= List of Valencia CF players =

Valencia CF is an association football club based in Valencia, Spain, that plays in La Liga. The club was formed in 1919, and played its first competitive match on 21 May 1919, when it lost 1-0 to Valencia Gimnástico. They were promoted to La Liga for the first time in 1931-32, finishing 7th at the first attempt, and have only spent one season (1986-87) outside the top division since then. They are one of the most successful clubs in Spanish football, having won La Liga on six occasions and the Copa del Rey eight times. They also won the Supercopa de España in 1999 and its predecessor, the Copa Eva Duarte, in 1949. They have also had significant success on the European stage, winning the UEFA Cup, and its predecessor the Inter-Cities Fairs Cup, on three occasions.

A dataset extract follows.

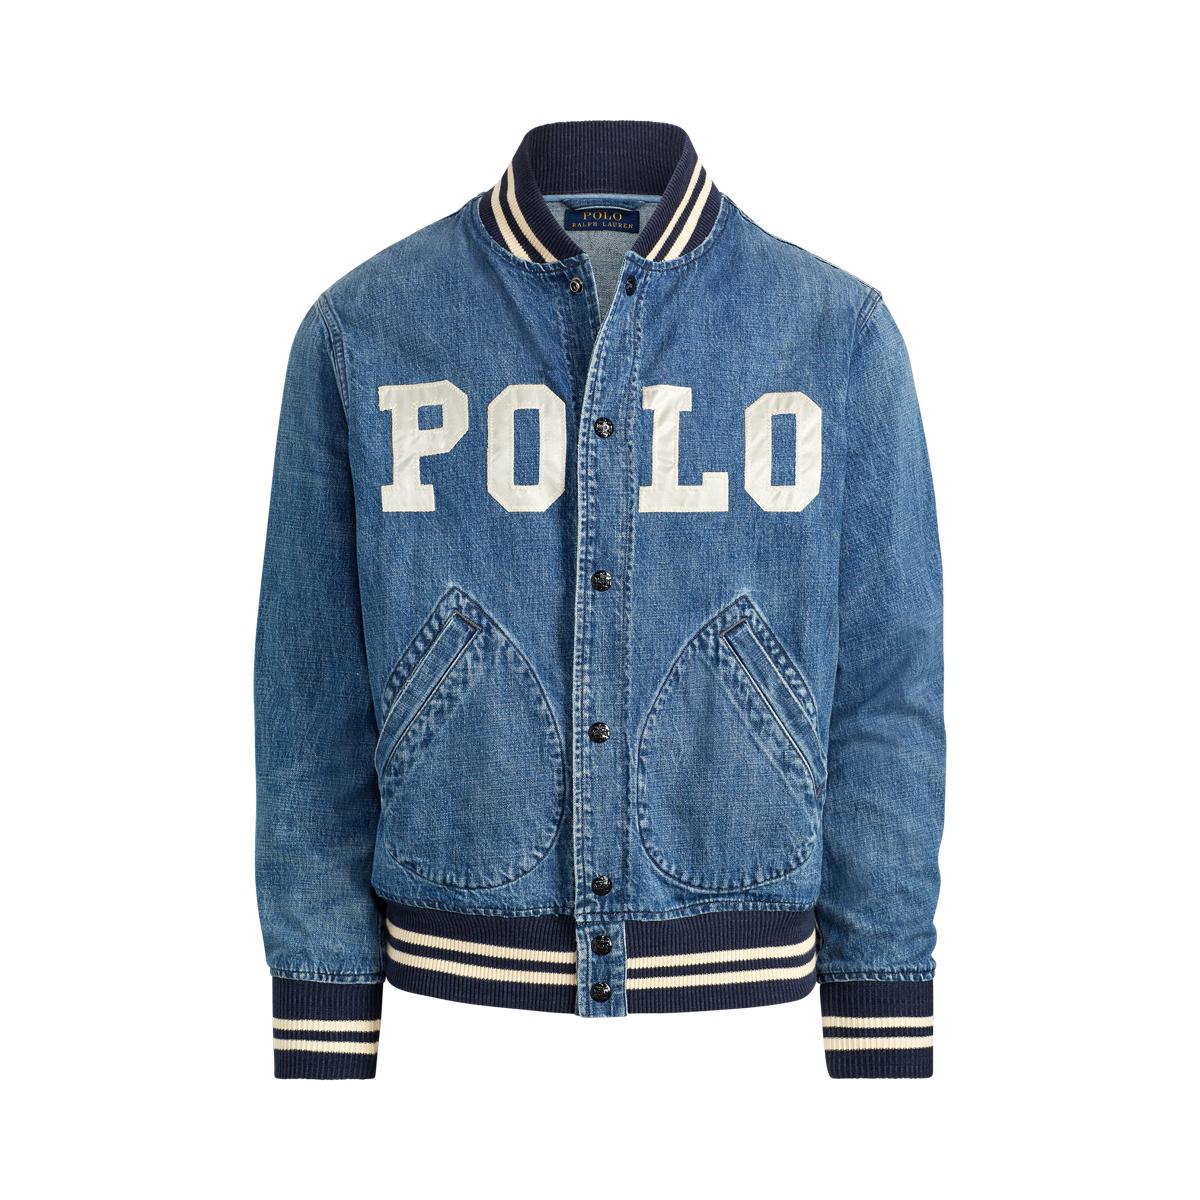 38bc421d0f83 Varsity-Inspired Denim Jacket

In addition to this, they have claimed two UEFA Super Cups, the UEFA Cup Winners' Cup in 1980, and the UEFA Intertoto Cup in 1998. They were defeated finalists in the UEFA Champions League in both 2000 and 2001.

Ricardo Arias holds the record for most overall appearances, having played 501 times between 1976 and 1992. Waldo is the all-time top scorer with 160.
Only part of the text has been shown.